The Psychoses of Brothers and Sisters.-The psychoses of brothers and sisters tend to be alike. Dementia praecox in a group of siblings is apt to be uniform in its manifestations, although one classical case has been reported and personally observed in which there was a remarkable transition in type

from what appeared to be pure paranoia to hebephrenic dementia praecox in five sisters. Where manic-depressive insanity occurs in a sibling group, the manifestations are closely alike. It sometimes appears that one sibling becomes insane at the involution period while another becomes insane early in life. Nevertheless, although one will be called involution disease and the other perhaps dementia praecox, a close study will reveal the fact that the two psychoses are fundamentally alike. There are a few cases recorded in which manic-depressive psychosis and dementia praecox occur in the same sibling group. On studying them I have not been able to convince myself that typical cases of manic-depressive insanity and dementia praecox occur in the same sibling group. It is, however, stated by some authors that this is possible and does occur. If so, it is, relatively speaking, rare.

Normal and Abnormal Heredity.—Extensive studies made by Koller, Diem and Jolly indicate that certain characters are of no fundamental importance in determining psychopathic heredity. For example, it appears from the work of these three authors that neurasthenia and psychoneurosis, generally speaking, occur as frequently in the ancestry of the so-called normal person as in the ancestry of the abnormal person. It also appears that organic brain diseases are more common in the ancestry of the normal than in the ancestry of the abnormal person. This is especially true of cerebral arteriosclerosis, hemiplegia, apoplexy and the like, which are often given great weight in the literature. Certain types of alcoholism seem to occur somewhat more frequently in the ancestry of the abnormal than in the ancestry of the normal person, but not to a striking degree. Mental disease in an uncle or aunt appears as frequently in the history of the normal as in the history of the abnormal person. Mental disease in a father, mother, grandmother or grandfather occurs very much more frequently in the ancestry of the abnormal than in the ancestry of the normal person. Such diseases as cancer, tuberculosis, diabetes, and the like, seem to me to have no psychopathic bearing. Tuberculosis occurs frequently in the history of the ancestors of the feebleminded in institutions, but this is because tuberculosis is frequent in the social stratum from which these people come. At Dr. Fernald's institution in Waverly there is less tuberculosis than in the general community, largely because of the good hygiene of the institution. Therefore, much of what has passed as psychopathic heredity, nervousness, tuberculosis, diabetes, organic nervous disorders, and to a limited extent, alcoholism, has no psychopathic bearing. This is also true of much mental disease. The fact that an ancestor had had senile dementia or an arteriosclerotic psychosis has no bearing, so far as can be discovered, on the dementia praecox, feeblemindedness, or other psychotic manifestations in a descendant.

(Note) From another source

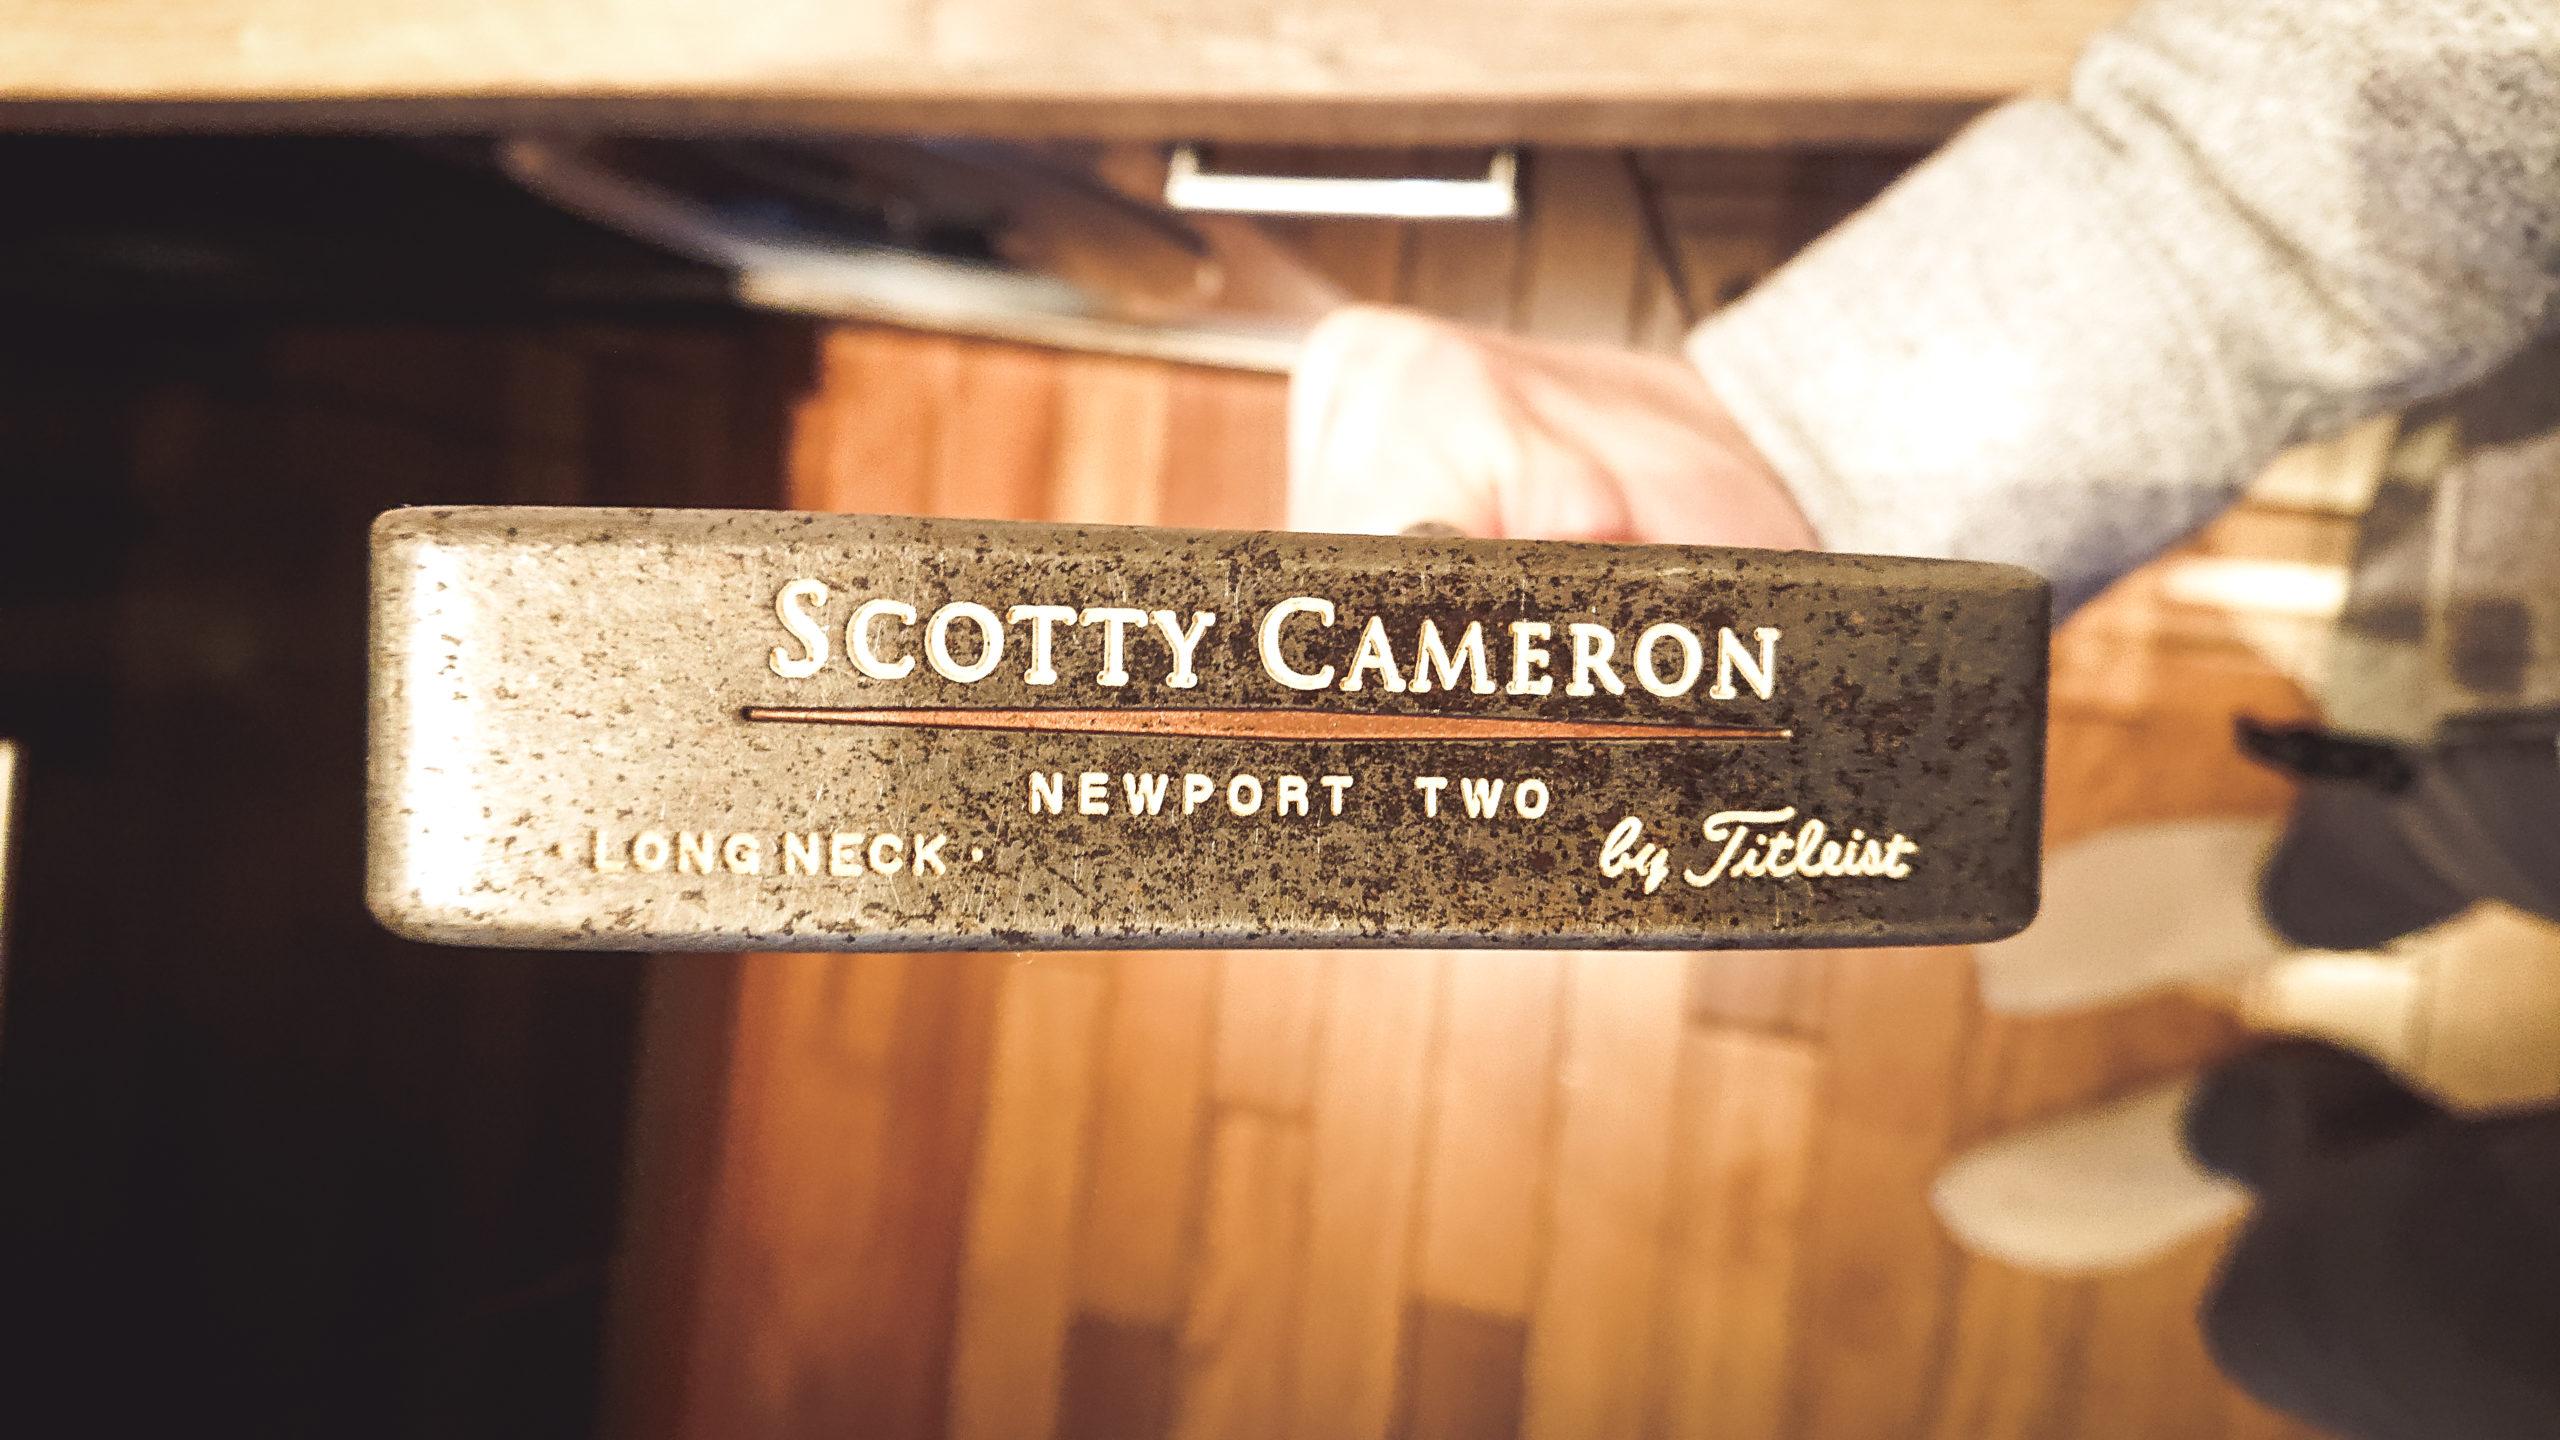 scotty cameron sans peinture
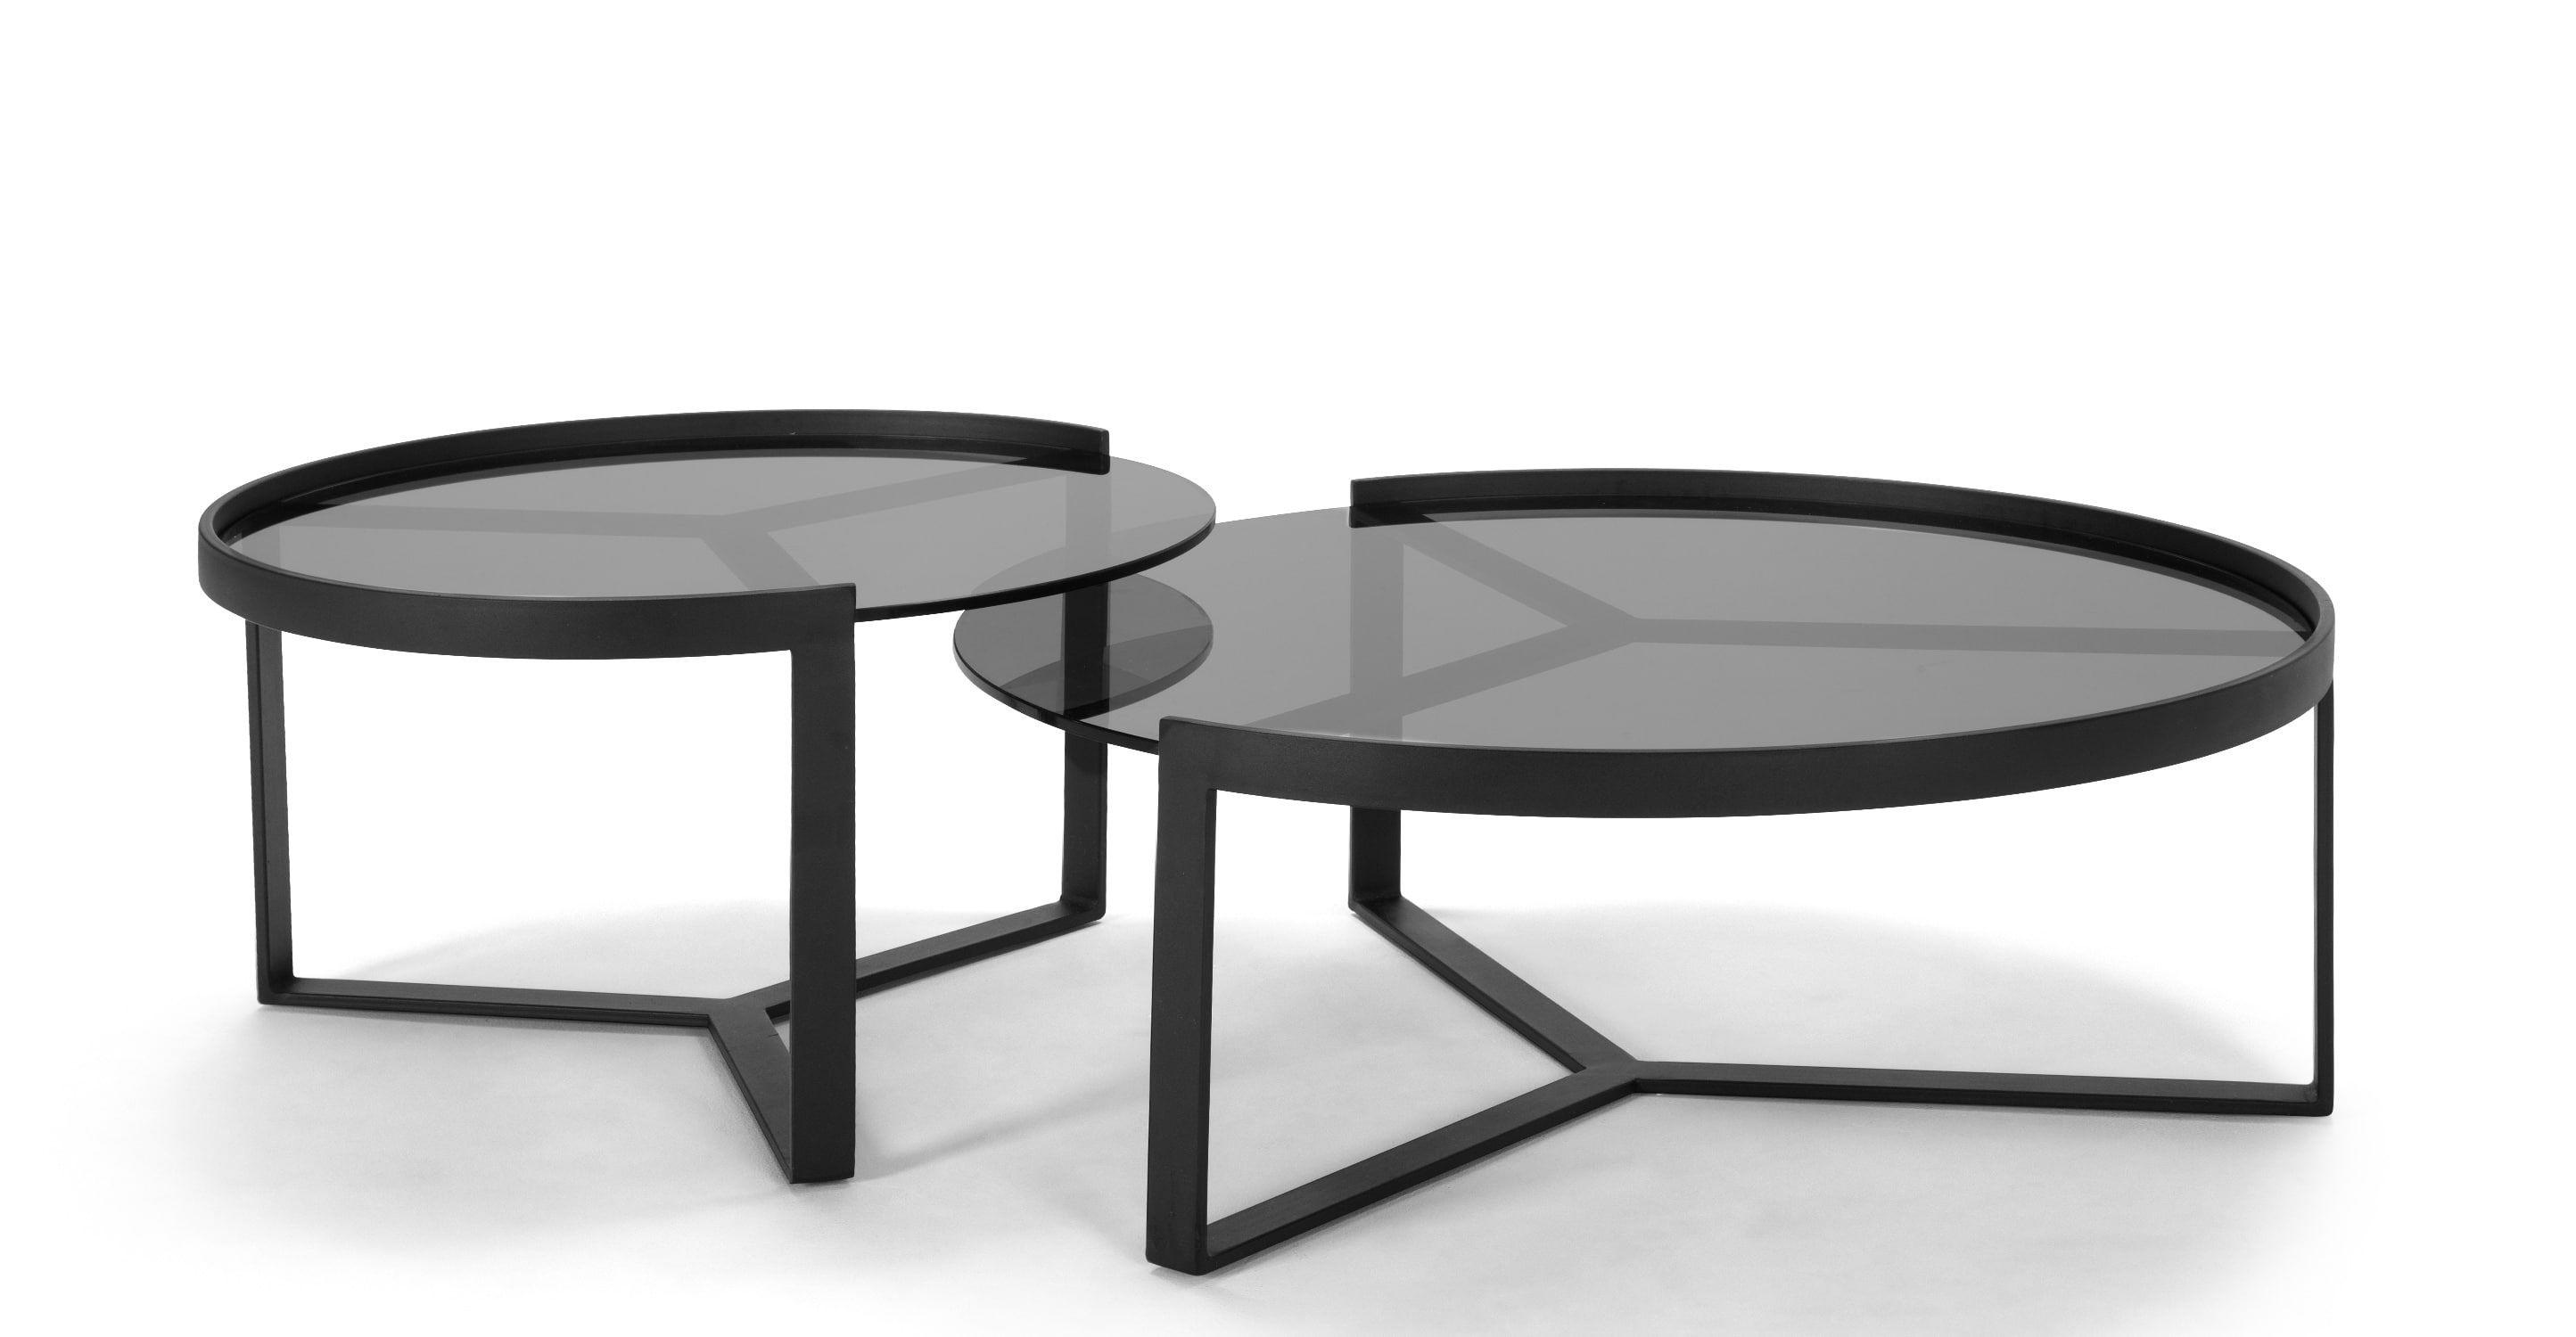 Aula Nesting Coffee Table Black Grey Coffee Table Nesting Coffee Tables Table Furniture [ 1500 x 2889 Pixel ]

A Consideration of Certain Theories of Heredity.-Polymorphism, sponsored by Esquirol and Morel, and developed by Lombroso and a host of other writers, postulates that all forms of mental aberration from eccentricity of character to cretinism, including all of the psychoses, neuroses, epilepsy, and every departure from a hypothetical normal, are manifestations of the psychopathic constitution; that the disease condition manifests itself in a slight form in one generation and then increases degree by degree until, when a fourth generation is reached, the stage of idiocy appears and the stock then disappears. This remarkable theory which still shows its effects in all writings on the subject must be evaluated according to the time in which it originated. Not only may we say that information was lacking at the time when this formula for heredity was promulgated, but we may say also that the formula is never observed in operation. The only four-generation group that has been dis

covered is the group I have described in which no such transition occurs. On the whole, it may be stated that polymorphism in the main may be rejected, although there is some evidence of a limited type of transformation and a limited linking together of various mental states.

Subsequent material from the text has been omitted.